Page MenuHomePhabricator

Probe for ipv6 host reachability
Closed, ResolvedPublic

Description

Yesterday during row D maintenance we ran into an issue similar to T133387 where hosts would lack ipv6 connectivity but ipv4 was working correctly. Icinga didn't alert about lack of ipv6 connectivity but it should have IMO, in case hosts have A and AAAA records.

Event Timeline

Dzahn moved this task from Inbox to Up next on the observability board.
Dzahn removed Dzahn as the assignee of this task.Jan 8 2019, 11:57 PM
Dzahn subscribed.

i noticed i had this comment that i started typing but never saved:


currently not going to work on this and we should probably wait a bit closely watching performance metrics before we add so many extra checks

meanwhile there have also been efforts to add a lot more AAAA records to DNS and to add the mapped v6 address

ayounsi raised the priority of this task from Medium to High.Nov 19 2021, 8:48 AM
ayounsi subscribed.

Raising the priority to bring attention to this task, feel free to re-triage accordingly.

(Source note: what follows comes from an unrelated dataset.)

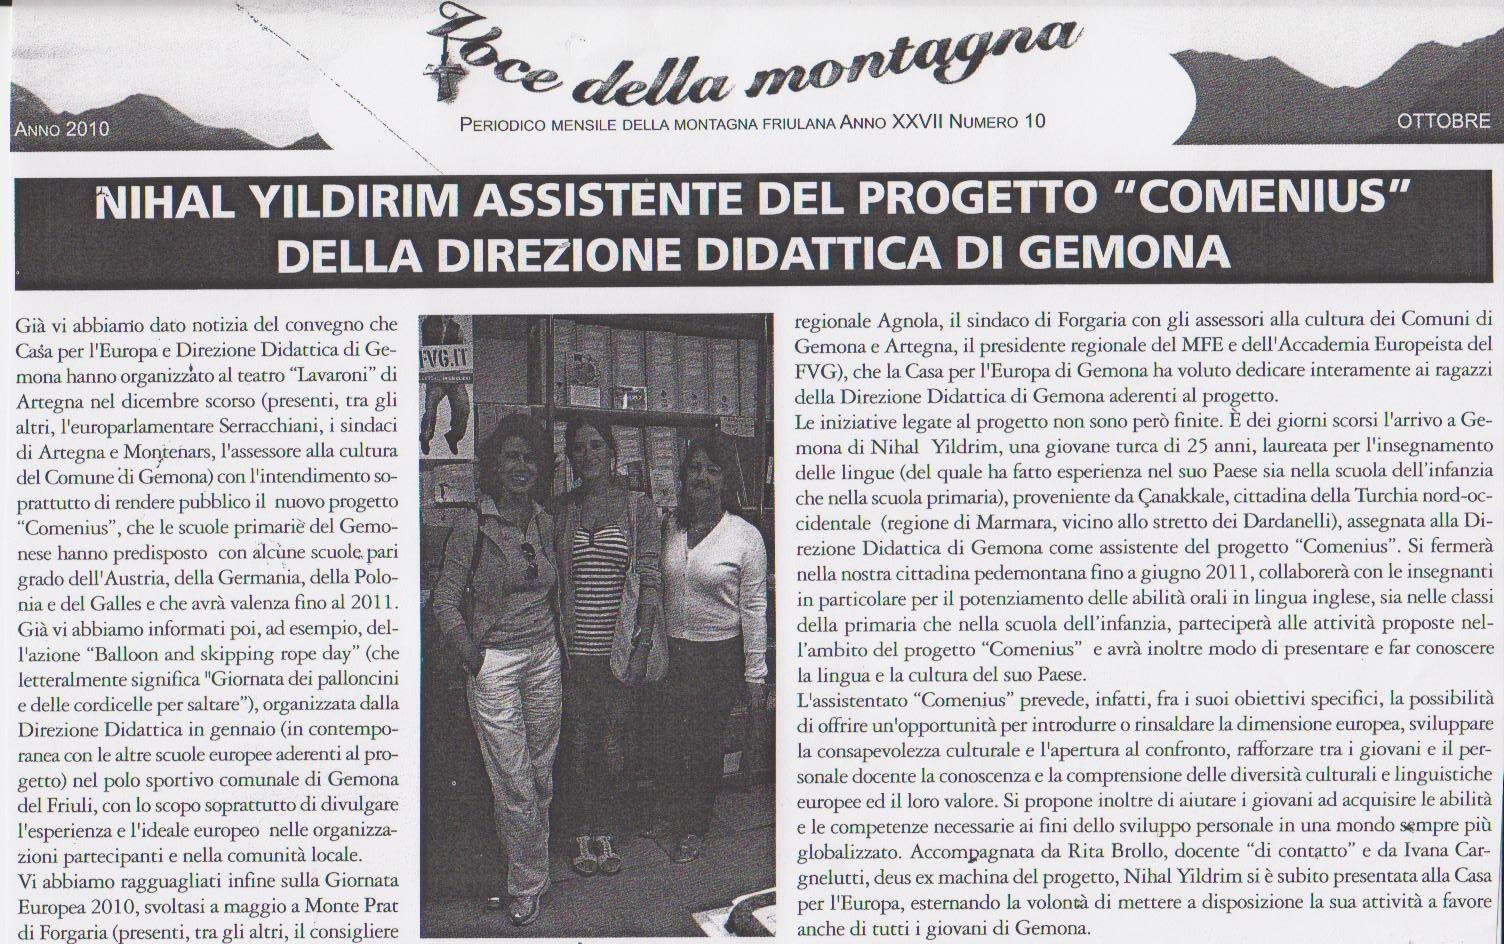 assistente progetto comenius v.d.m. ottobre 2010

Yesterday's short outage could probably have been avoided if we had IPv6 checks on hosts.

Note for later and reworked for an alertmanager/prometheus world: we should extend netops::prometheus::hosts to also probe for ipv6, this way we'll have smoke probes also testing v6 connectivity

fgiunchedi renamed this task from Icinga check for ipv6 host reachability to Probe for ipv6 host reachability.Dec 7 2023, 3:55 PM

Change 981358 had a related patch set uploaded (by Majavah; author: Majavah):

[operations/puppet@production] netops: prometheus::hosts: also probe ipv6 if available

https://gerrit.wikimedia.org/r/981358

Change 981358 merged by Majavah:

[operations/puppet@production] netops: prometheus::hosts: also probe ipv6 if available

https://gerrit.wikimedia.org/r/981358

fgiunchedi claimed this task.
fgiunchedi added a subscriber: taavi.

Thank you @taavi ! The check is working as expected now, and uncovered T353254: prometheus5002 unable to ping ipv6 ganeti500[74] eqsin !

I'm resolving, though feel free to reopen